We write a lot about sedans here at TTS because we’re that kind of geek. Actually, we’re a lot of different kinds of geek. We certainly like our sports cars, and could be tempted by certain goofy trucks sporting badges like Land Rover and Mercedes-Benz. But there’s something about a fast yet subtle four-door with a manual transmission that speaks to us, both loudly and clearly.
Sedans meaning nothing to us with an automatic but so much more with a stick include the first and second generation BMW 7 series (think 735i 5-speed), the Alfa Romeo Milano and 164, and this; a 2003-04 Volkswagen Passat W8 with a 6-speed. A W8 with an automatic is kind of a boring car, albeit a quick one, much like a BMW 5 series V8. In both cases, however, the 6-speeds are fantastic.
This example, available on Craigslist in Washington, DC, certainly looks the business. But don’t whip our your lunch money just yet.
B5 Passats from the facelift forward (2001.5-2005) are attractive enough in a subtle way. It’s a classic three-box design that’s held up well almost 10 years later. You probably don’t even notice how many are still out there running around, since their styling is mostly innocuous. If they were all fast like the W8, they’d be the perfect Q-ship.
The Audi wheels on this one look great, and the car presents as very clean overall. On a neutral color like this light blue, I would have kept the orange and red side markers in place for a little contrast. Still, if the headlight lenses are clear and the lower grilles around the foglights are present, you wouldn’t have to do anything except layer on another coat of wax.
The W8 interior is nicely appointed, with extra brightwork and wood trim over its lesser stablemates. The seats are very comfortable, and space is fairly generous room for four occupants, five if you have to. Opinion will always be mixed on the blue dashboard lighting. For example, my wife likes it while those eye-bleeding LEDs make me want to carpet bomb Wolfsburg.
This car’s gray leather interior looks to be in good shape. There’s a little flatness to the driver’s seat, and also a hint of wear to the outer bolster. You’d want to check for leather wear on the steering wheel cover and cracks in the wood, especially on the shift knob and around the stereo and climate control.
All B5s drive kind of heavy, but in a solid German sort of way. You wouldn’t mind taking one on a long roadtrip in any kind of weather, especially when equipped with Volkswagen’s 4Motion, which in this case is an anagram for ‘Audi quattro’. But more on this in a minute.

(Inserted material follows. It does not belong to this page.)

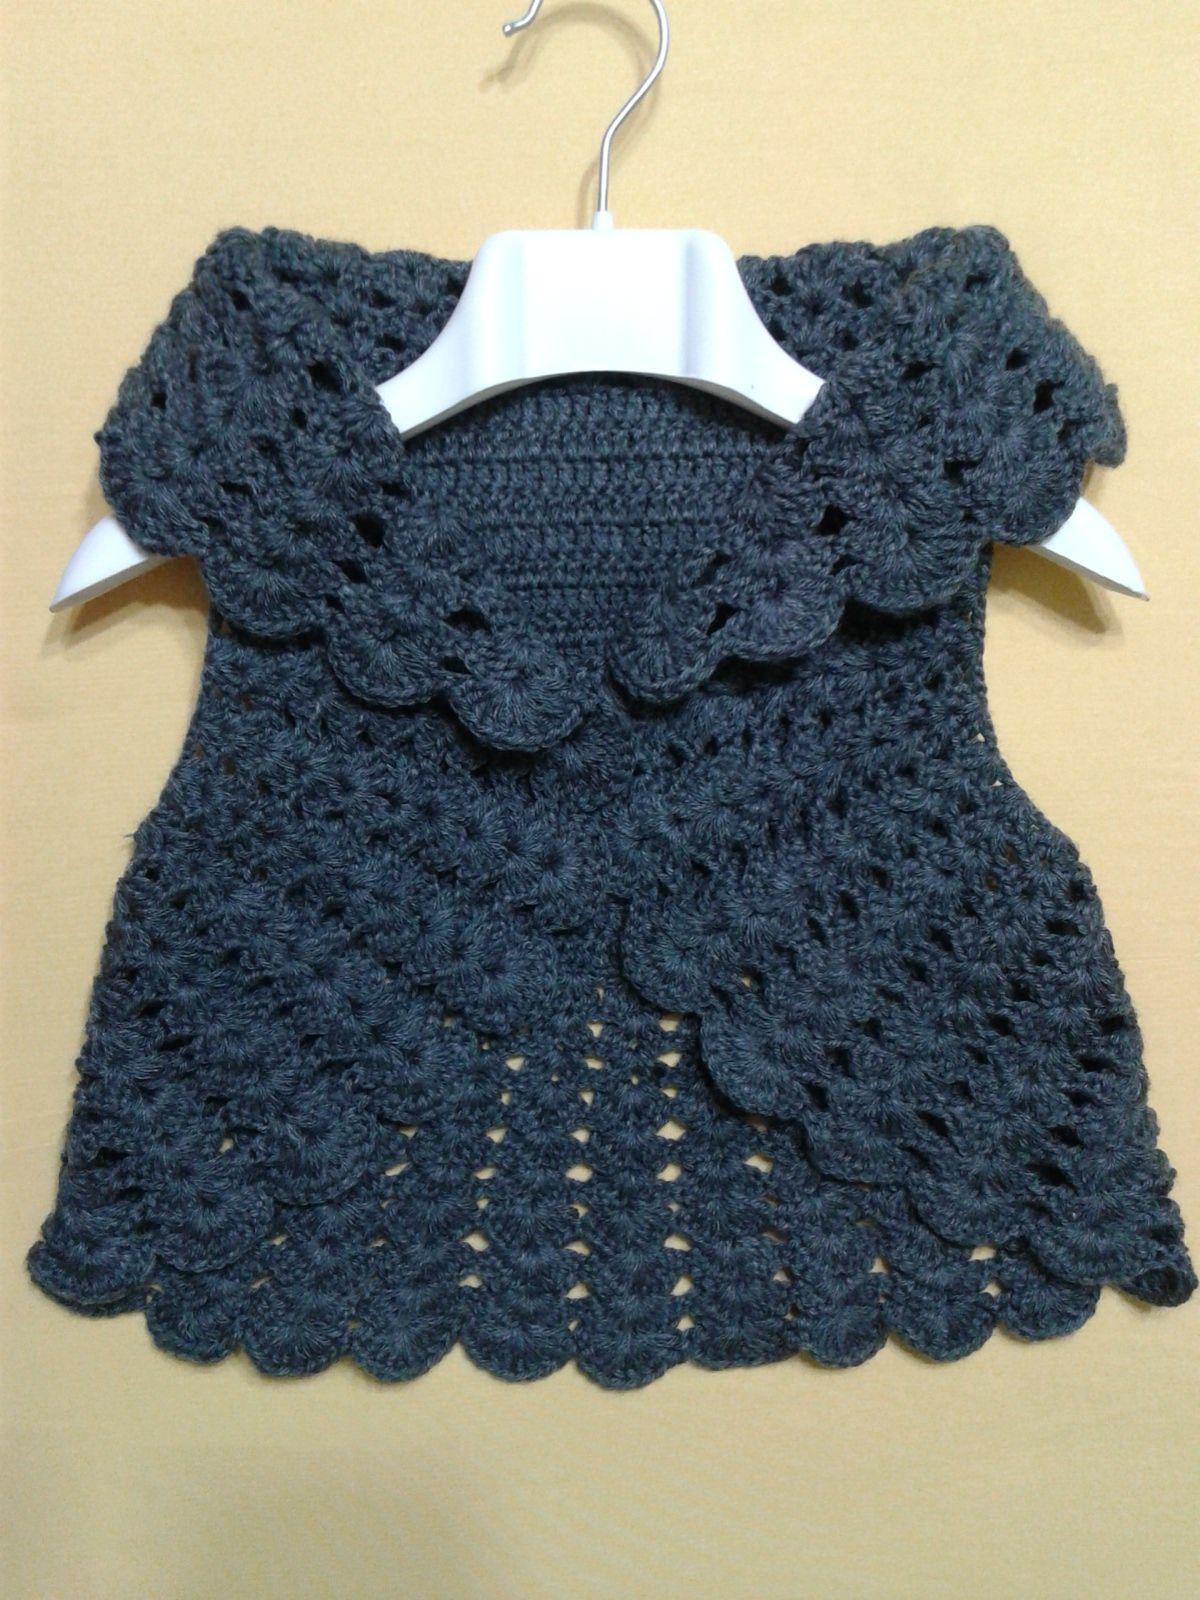 كروشيه بوليرو دائرى بأى مقاس خطوه بخطوه Crochet Circle Bolero Step By Step Crochet Baby Crochet Fashion

Problems? Sure. It’s a VW after all. CV boots are replaced every third oil change. Heater cores plug up if you accidently mix coolant types. The driver side sun visor, with its remote garage door opener buttons, will disintegrate and drop pieces on to your lap (oh, and to replace it’s $740.00 for the part alone). All Passats have had their share of recalls, ranging from seat heater elements that will burn through the seat covers and your clothing, to various iterations of both the brake light switch and the coolant temperature sender.
You may think the 1.8-liter inline-four turbo (oil sludge issues) or the 2.8-liter V6 (crankcase breather system freezes solid in cold weather and blows out the camshaft adjuster seals) are classic finicky German engineering. You have no idea. Compared to the W8, they are Honda lawnmower engines.
Much like the first-generation Touareg V10 TDI, the W8 was a study of “we built it because we could.” Indeed, a lot of the Touareg technology, like the in-car network and a fuel pump control module (no other B5 has those), was prototyped in the W8. It takes two hours to change a Xenon headlight bulb because you have to remove the front bumper to then remove the headlight unit. The electronic engine thermostat will fail but replacing it is relatively easy; you just have to pull the intake manifold.
It was very much the beginning of the W-engine development, and they didn’t quite get it right. The W8 motor itself has a 85%+ failure rate due to metal from the camshaft adjuster(s) finding its way into the oil pump, which then grenades, sending shrapnel throughout the engine. VW has 0.00 new long-blocks remaining; they are no longer available (NLA) and I think the part number has gone NFG (you can look that up). Don’t bother with a used engine, because it will kill itself in exactly the same way.
But, and this is important, the first time you firewall the throttle in any of the first four gears you will forget all about the preceding four paragraphs. The torque curve on this engine is astonishing, feeling flat from roughly 2000-5000 RPM. It doesn’t really fall off after 5000 RPM, either. It just keeps going. It makes a noise not unlike a regular V8, but then not really the same.
Third gear in particular will make you soil yourself. You won’t even have time to get a chubby.
If you were going to buy one, this example is probably it. It has a few tasteful modifications, low miles and service records, and thankfully a warranty. I would see about extending that warranty, and then driving it for a while. $14,000 has to be most, if not all, of the money for one of these.
But they are rare and, more importantly, pretty damn fun in a not innocuous way.